Have you ever seen the movie “Better off Dead”? That first hour was just pure black humor. Loved it. Throughout the movie, there is a bratty newspaper boy on a bicycle that haunts the protagonist trying to get the $2.00 he is owed for the newspaper delivery. He shows up everywhere, demanding “I want my $2.” Can’t blame him for he had a job to do. Can’t blame the protagonist either for running from him, he had a broken heart to mend while he failed at numerous silly attempts to kill himself. The boy on the bike was the movie’s Macguffin. Nothing really came of it but it sure propelled the plot to even darker, sillier times. What would one do for $2?
Truth is, we are all after something and there is always something that challenges us in that pursuit. We wouldn’t be human if we didn’t have to overcome. But sometimes that which motivates our quest is in itself not that important. It is who we are at the end that is important.

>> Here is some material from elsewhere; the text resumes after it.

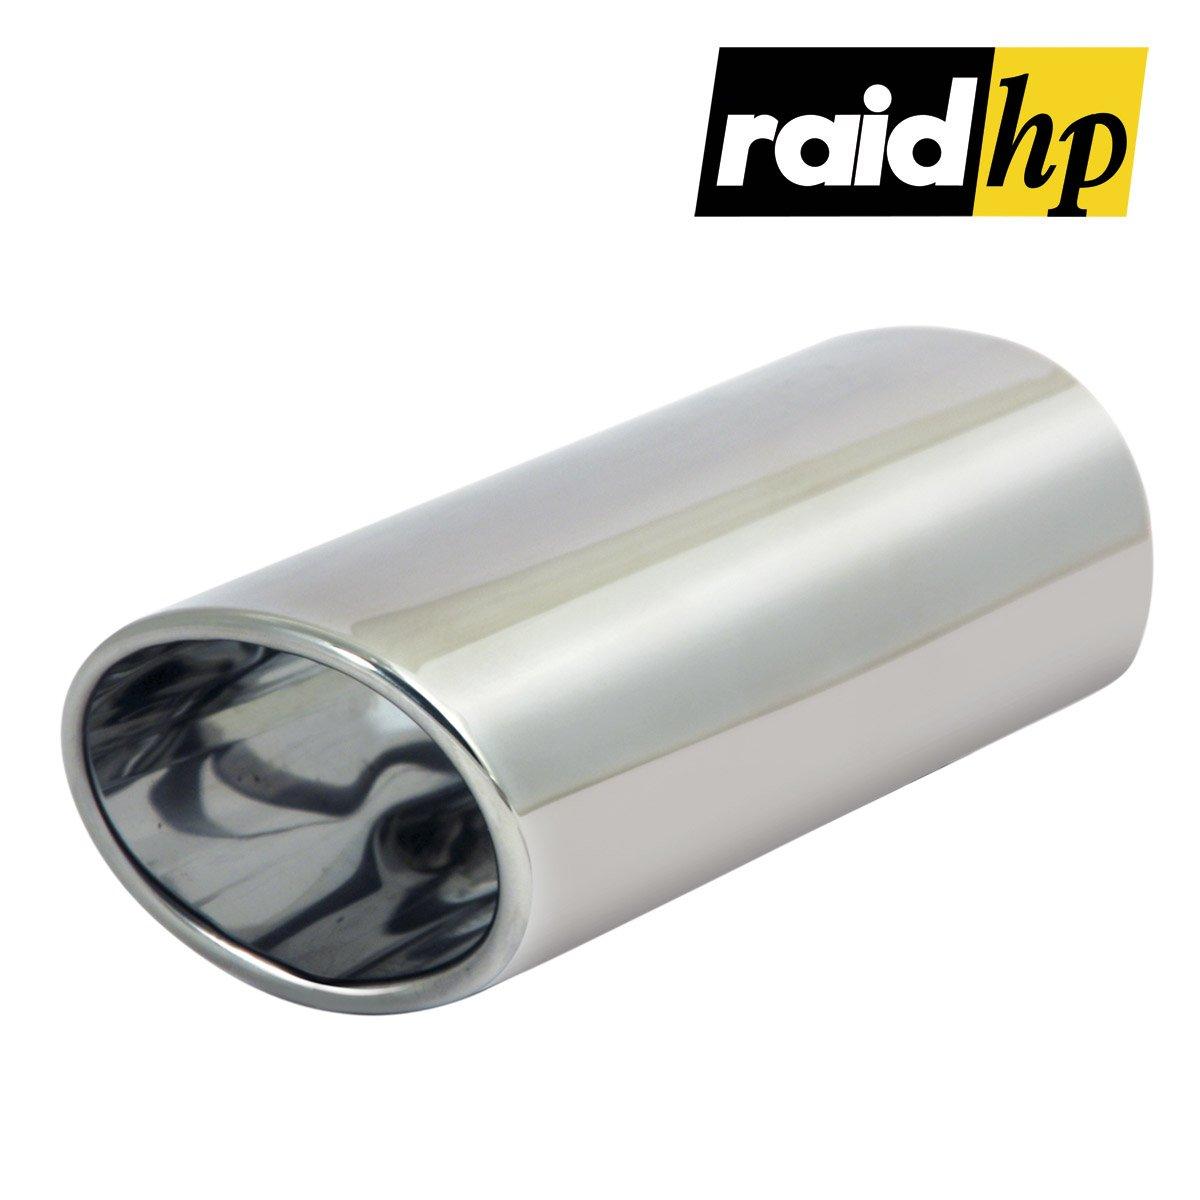 Anschlu/ßma/ß 150 mm 35-50 mm//L/änge Raid HP 291003 Auspuffblende Oval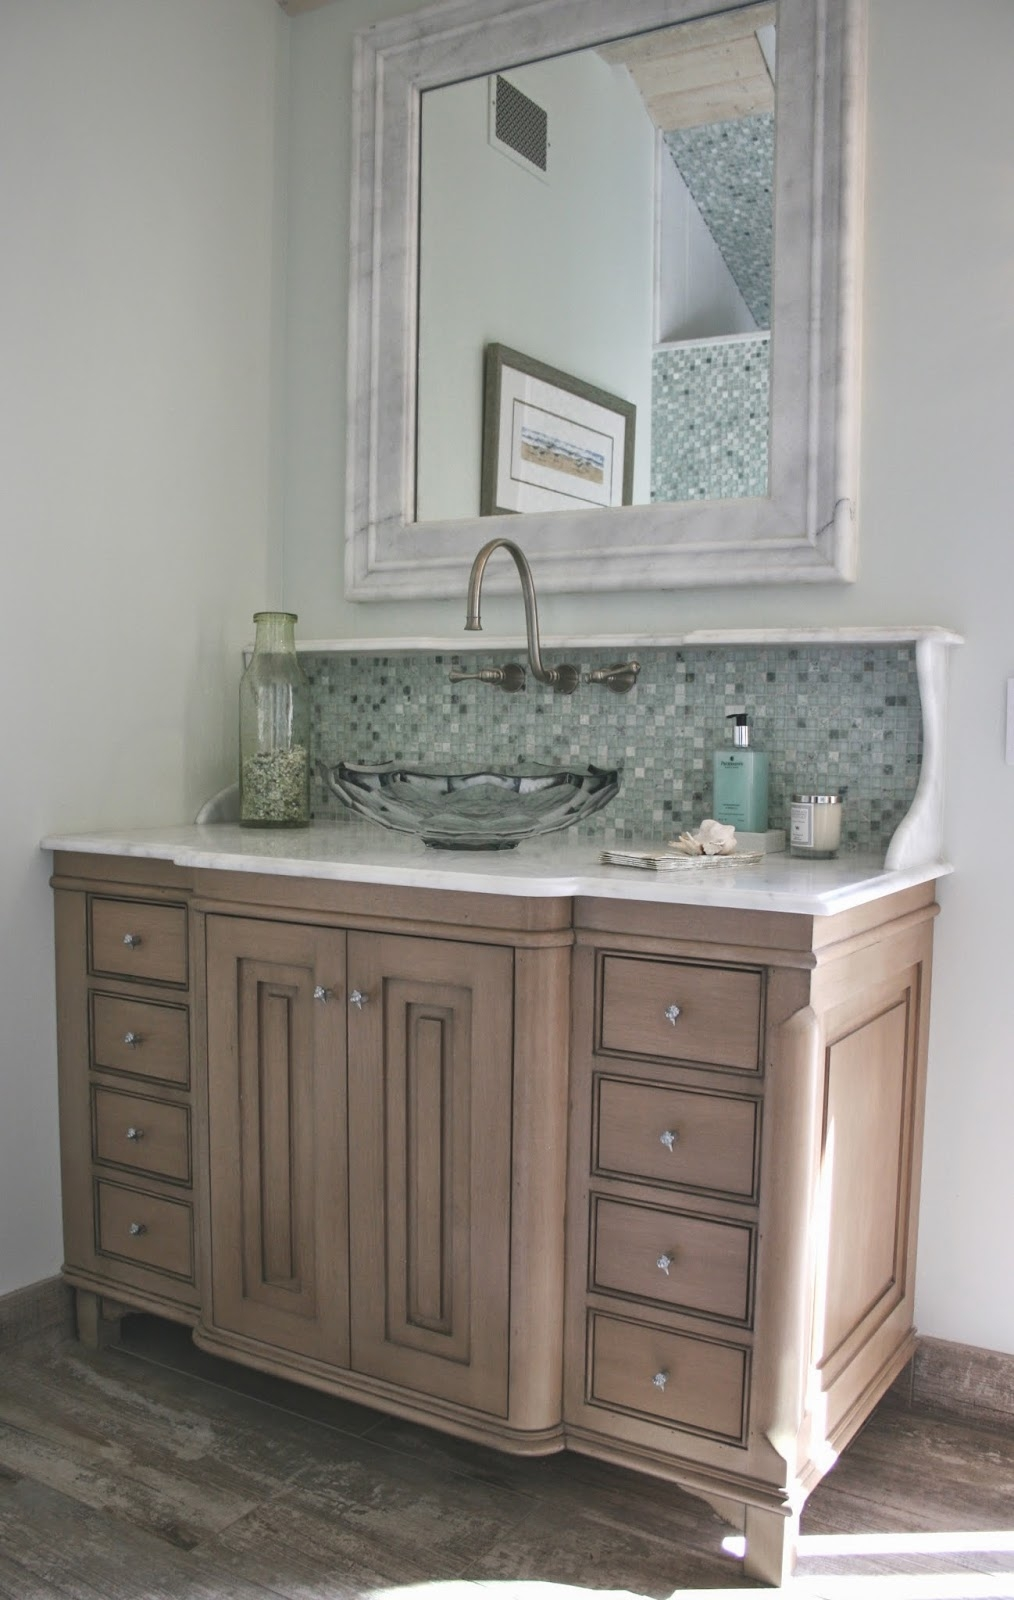 Rustic Cabin Bath 4-Light Unique Mirror Lighting Industrial Restroom Wood Vanity

I was never able to solve the mystery of my lost beige wallet–my very own Maltese Falcon. Those were my dark days, in which I was shadowed by money worries and feelings of having failed. But now, whenever I find a $20 I left in my winter coat pocket, I am exuberantly overjoyed. Perhaps, even a bit irrationally exuberant. In what has been called the only “stoner” noir film The Big Lebowski, protagonist Jeff Lebowski’s stolen rug that “really tied the room together” is yet another Macguffin, and in a classic statement of life narrative he says, “Let me explain something to you. Um, I am not ‘Mr. Lebowski’. You’re Mr. Lebowski. I’m the Dude. So that’s what you call me. You know, that or, uh, His Dudeness, or uh, Duder, or El Duderino if you’re not into the whole brevity thing. Now that is succinct self-definition. Maybe I’ll tell people to refer to me as “Her Dudeness”. Except in Puerto Rico. Maybe there I’ll be “La Duderina”.